I recently found myself flush with cash, which was lucky because I was looking all over the place for myself in that condition. We decided to meet up with our friends Paul and Krista to see if the local casino could help alleviate the problem. We could get some dinner, bet on the horses, have a cocktail or two and a nice night out.
I admitted to Paul that I had a gambling problem. The problem is that I don’t know how to do it without losing money. So he tried to explain to me how to handicap the horses based on their previous performances. I looked around for the horse with the biggest nose, in case he had to win by one. With this brilliant strategy in mind I was already spending my winnings in my head. But let’s not put the horse before the cart, a lesson you could learn the hard way. After the race it was apparent that my horse was already extremely handicapped, so I must have done an excellent job for a beginner.
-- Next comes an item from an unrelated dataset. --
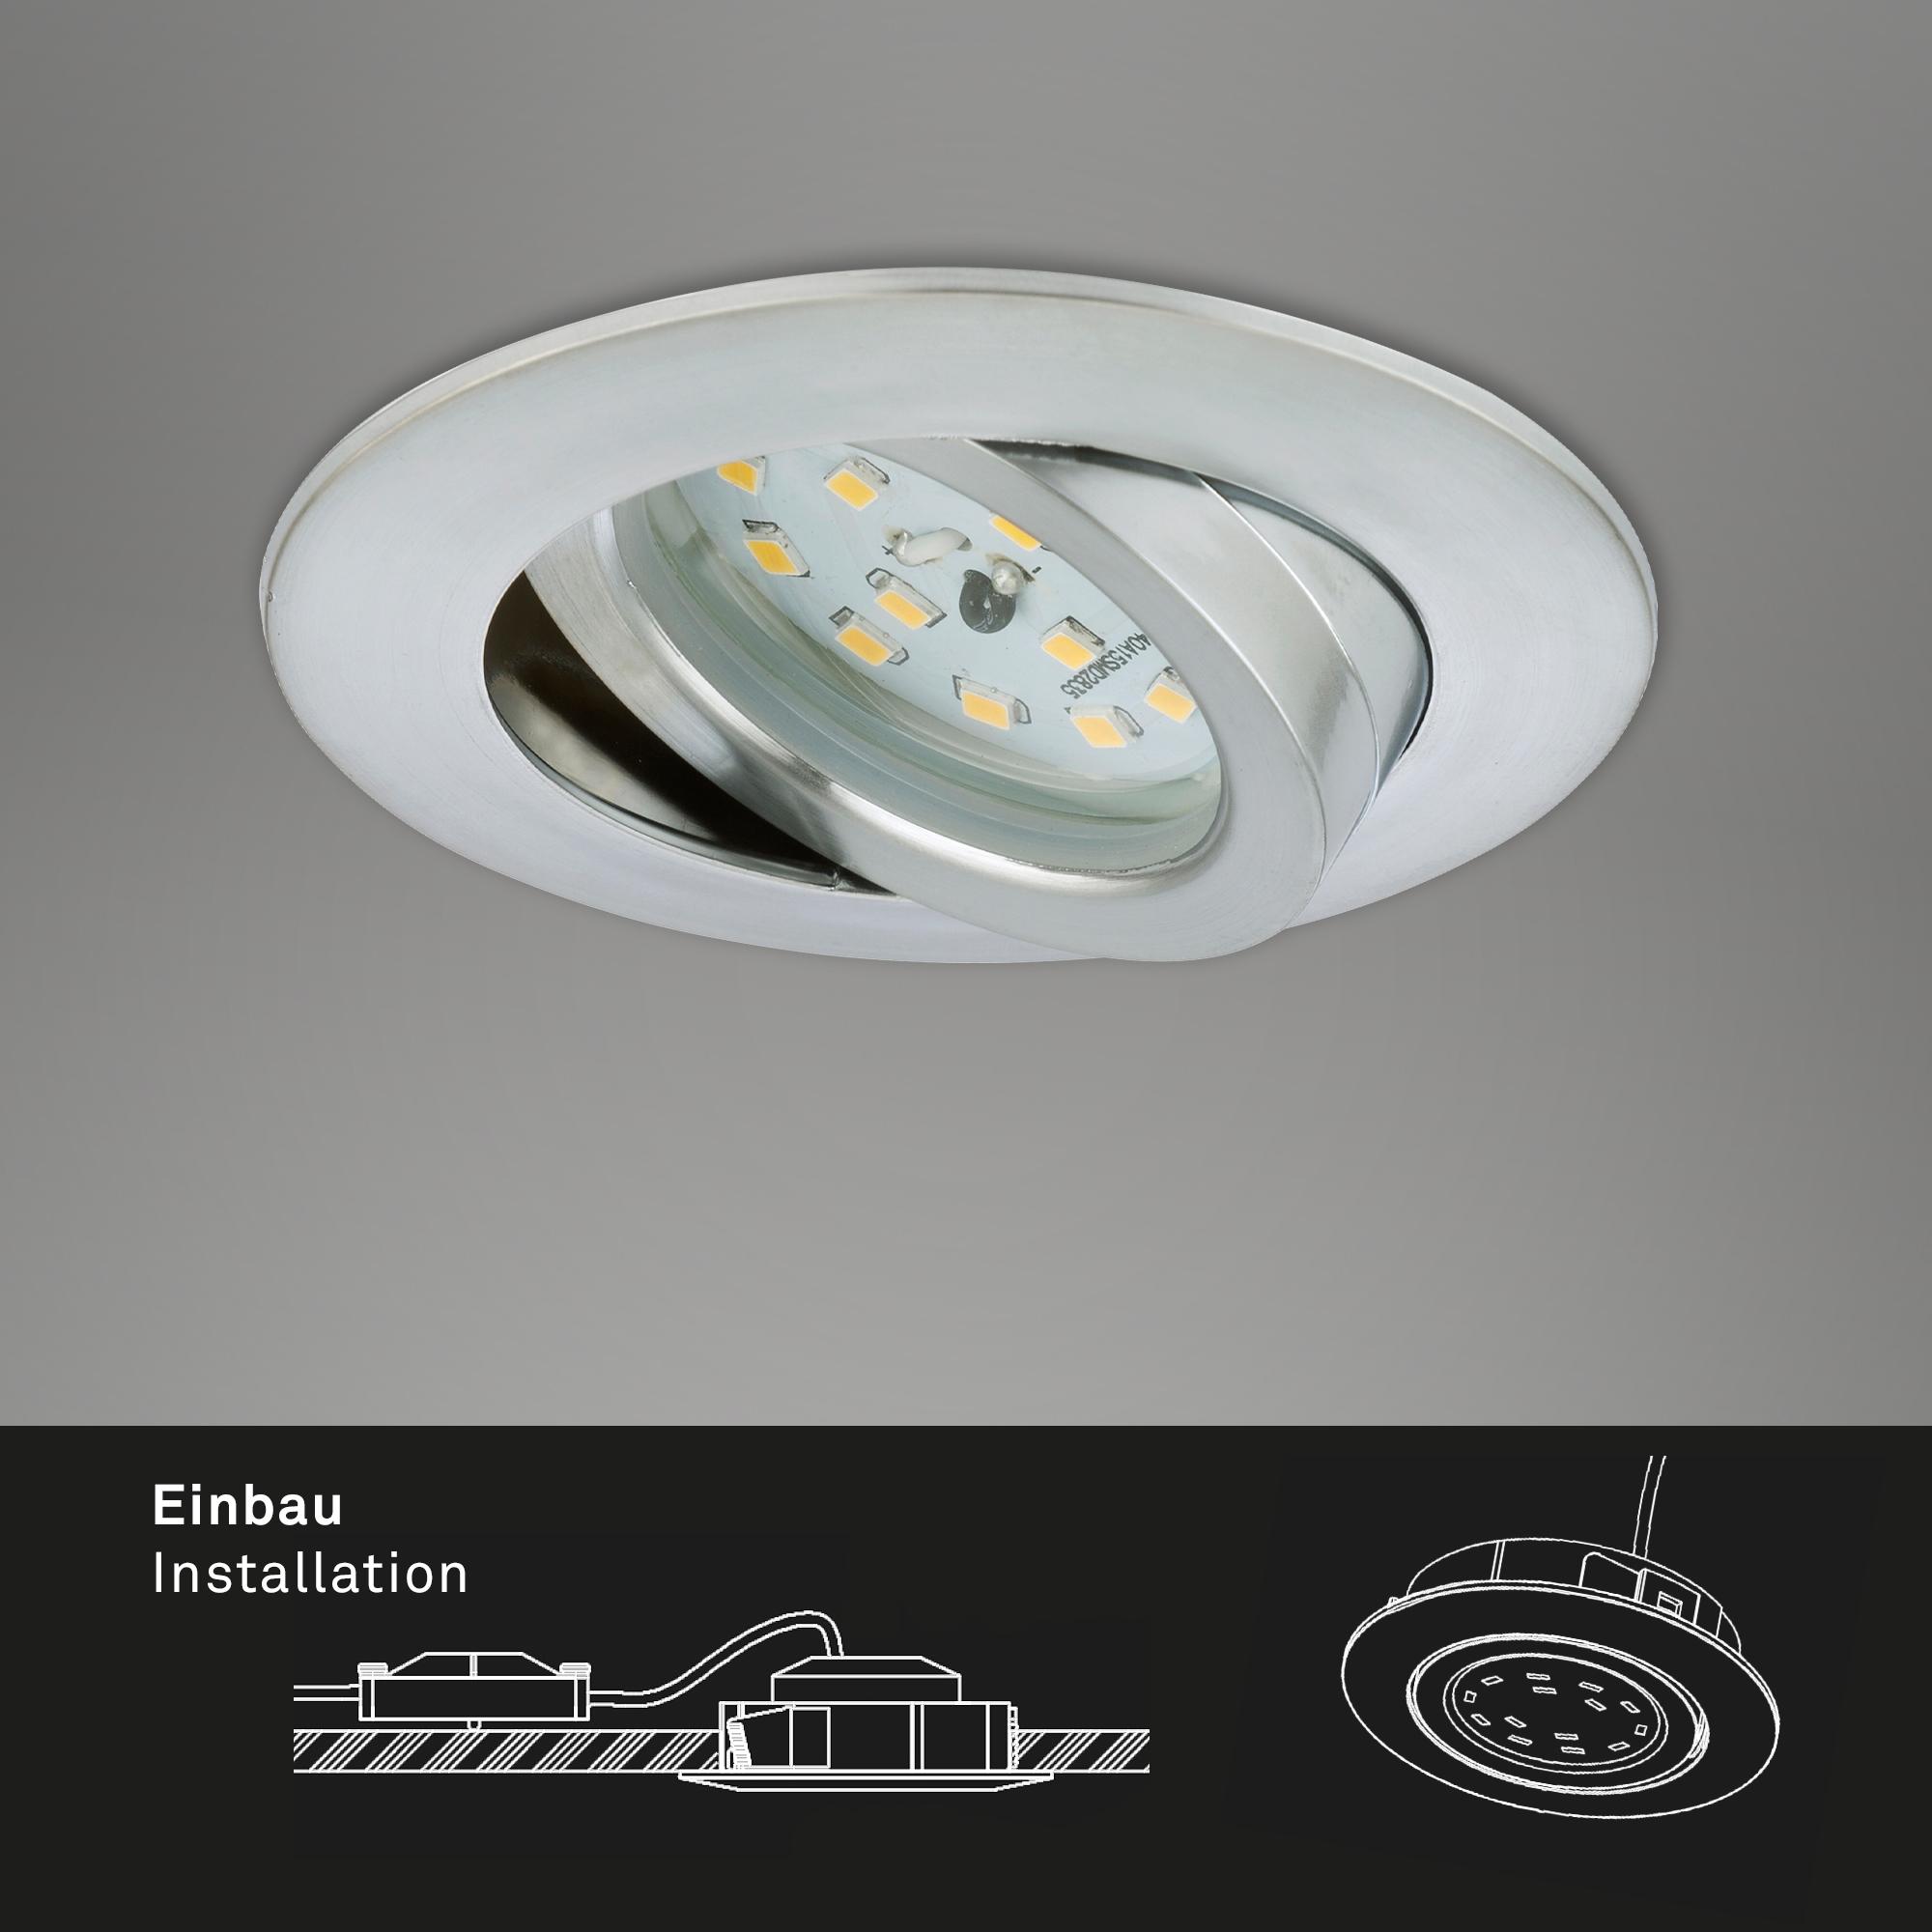 LED Einbauleuchte, Ø 8,2 cm, 6,5 W, Alu

I blame the guy in the cart for slowing down my horse. Why is he there in the first place, instead of in his own car? If I was a horse I would maintain with absolute certainty that I could run a hell of a lot faster if nobody was behind me whacking me with a whip, where I had to turn around every five seconds and yell, “HEY, CUT THE CRAP!” It reminds me of those rowing competitions where they have 10 beefy dudes in a canoe and a little weenie in the back who yells, “ROW!” It should be pretty much self-explanatory, if you’re sitting in a boat holding an oar. In the next race I wanted to bet a certain horse, but it was a scratch. The same thing happened three times in a row, and I figured there must be some poison ivy going around.